ACTIVITY:
Any images in the records should be skipped; transcribe the rest exactly.

Collection entries

- Opening Delimiter -

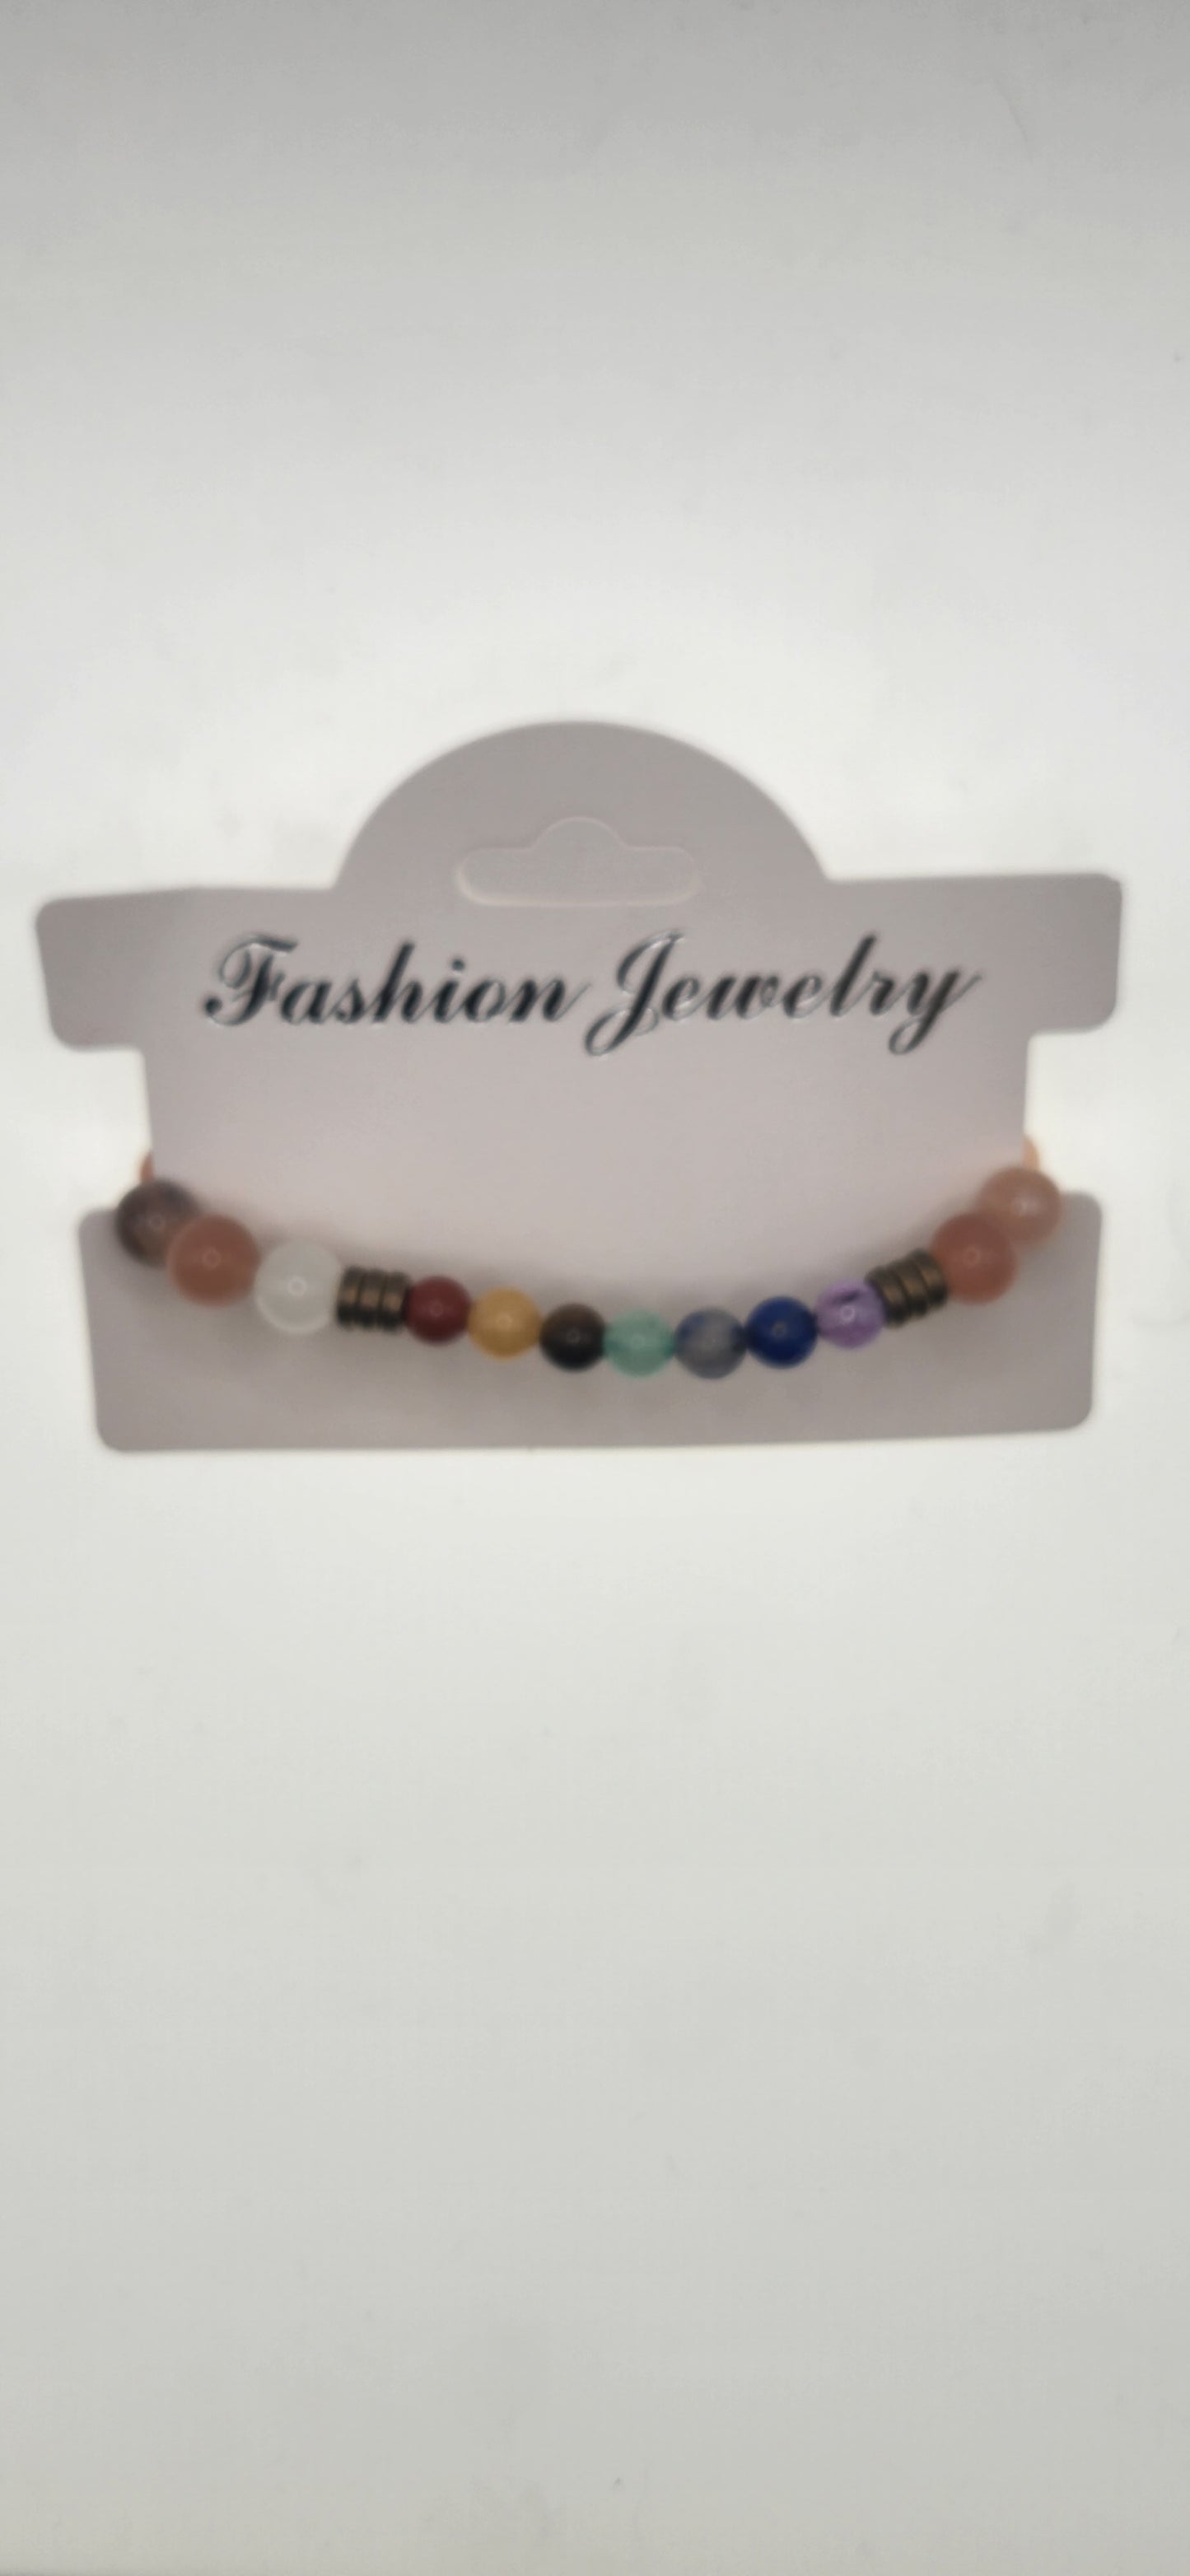 Chakra beads, semi-precious stone beads
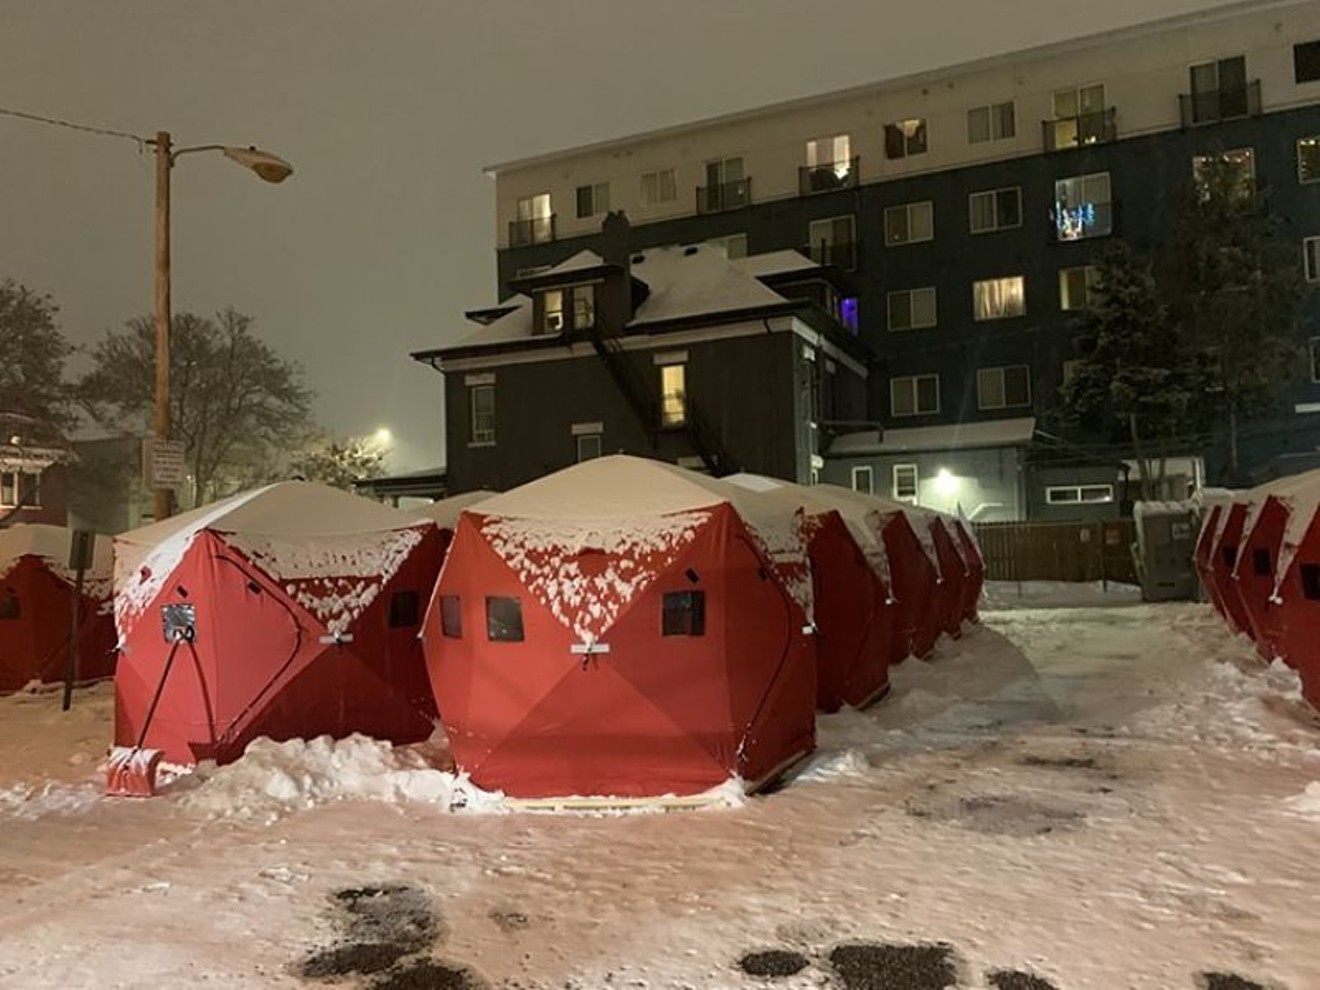 Denver's first safe-camping site opened in December 2020.
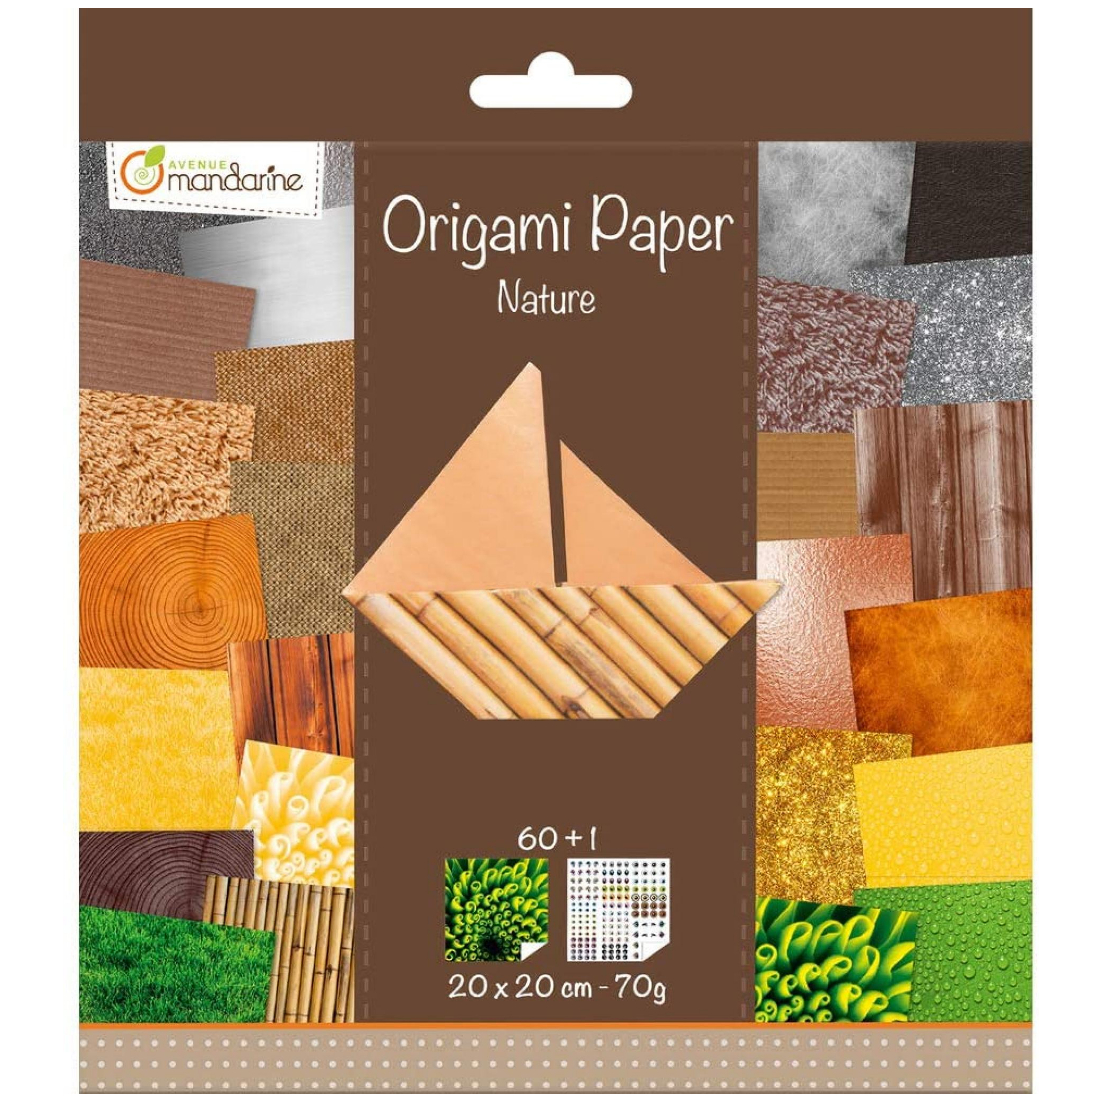 Papel Origami Natureza avenue mandarin
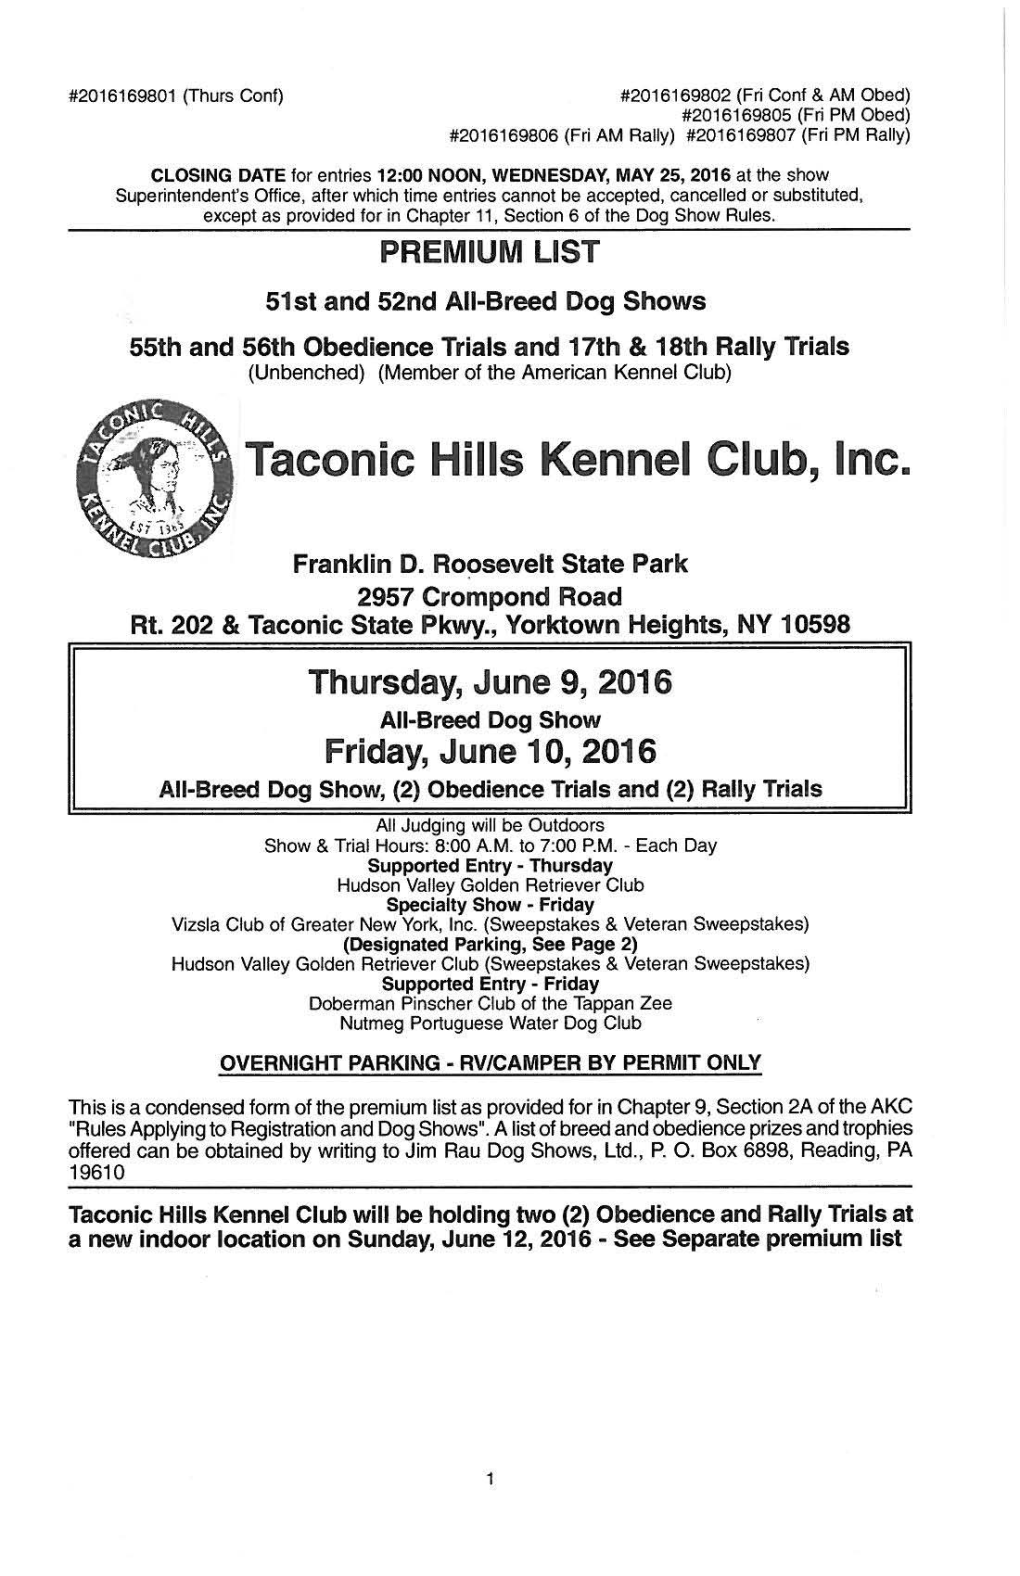 Taconic Hills Kennel Club, Inc
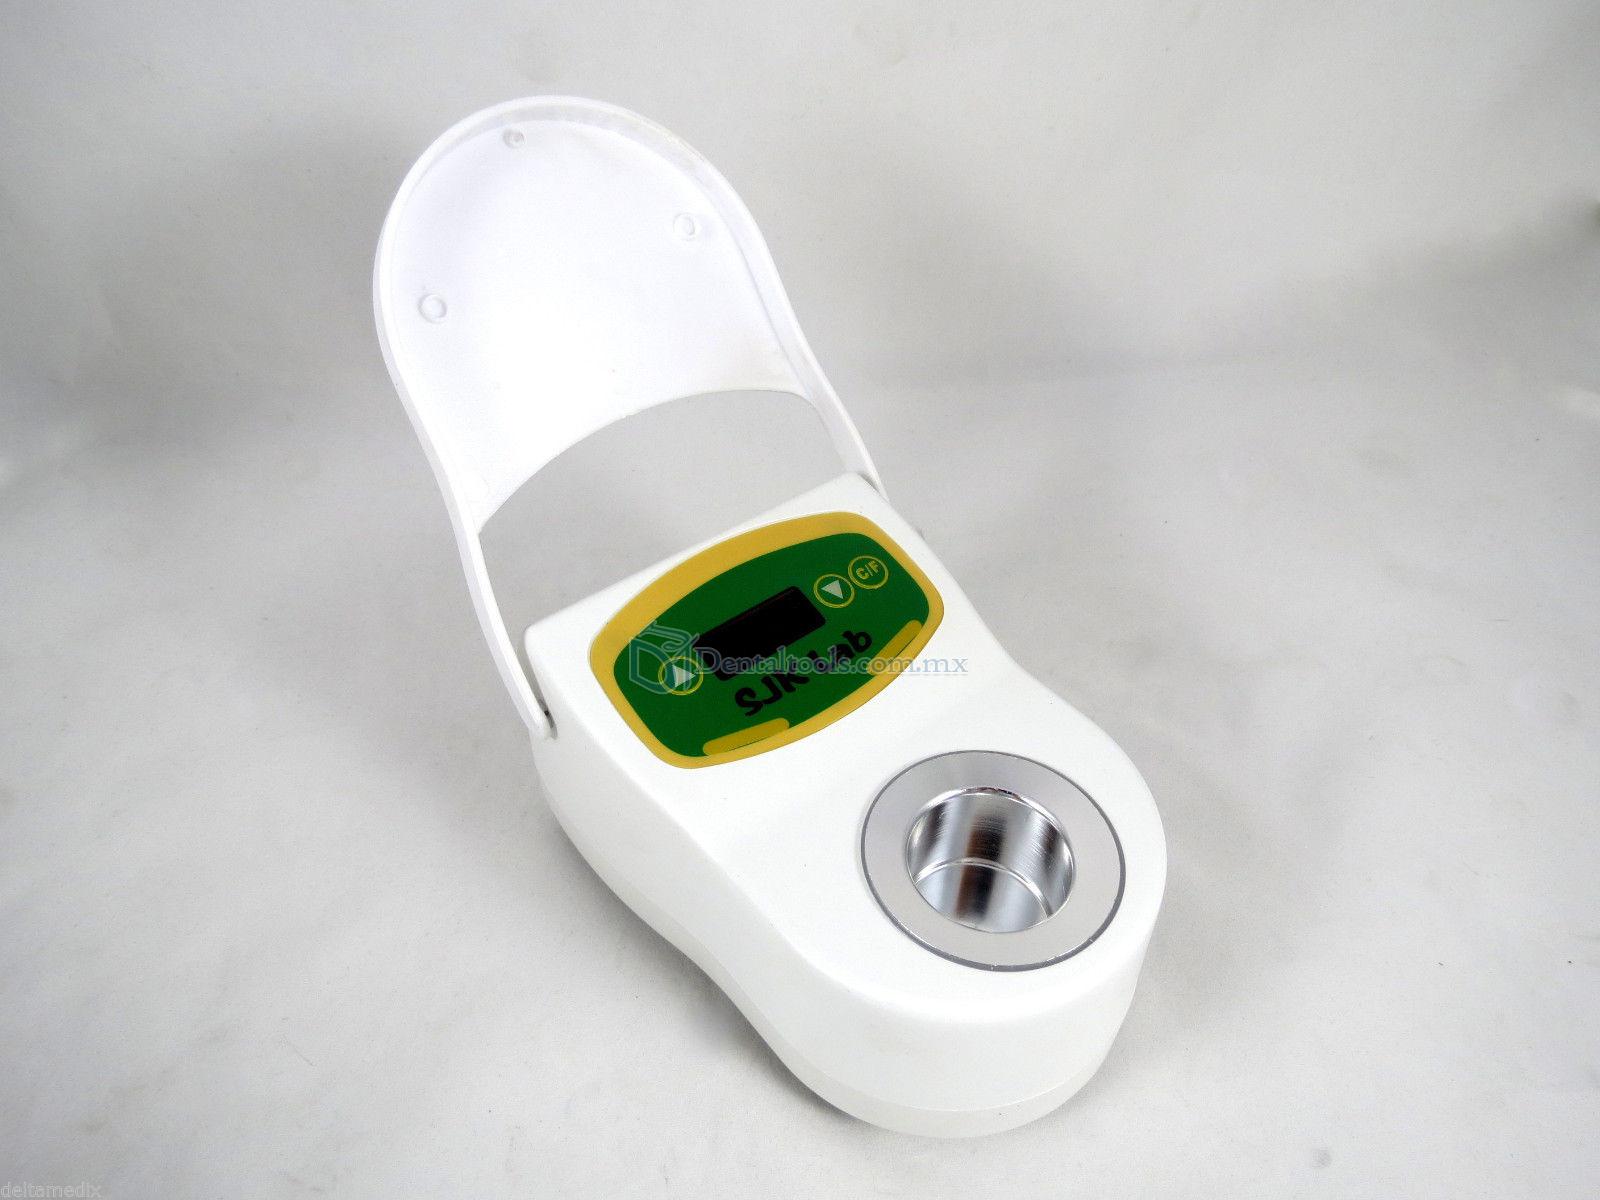 SJK Dental Digital Pantalla LED de inmersión cera calentador de olla

- Closing Delimiter -

ANSWER FOR THE TASK:
 Chakra beads, semi-precious stone beads
 Denver's first safe-camping site opened in December 2020.
 Papel Origami Natureza avenue mandarin
 Taconic Hills Kennel Club, Inc
 SJK Dental Digital Pantalla LED de inmersión cera calentador de olla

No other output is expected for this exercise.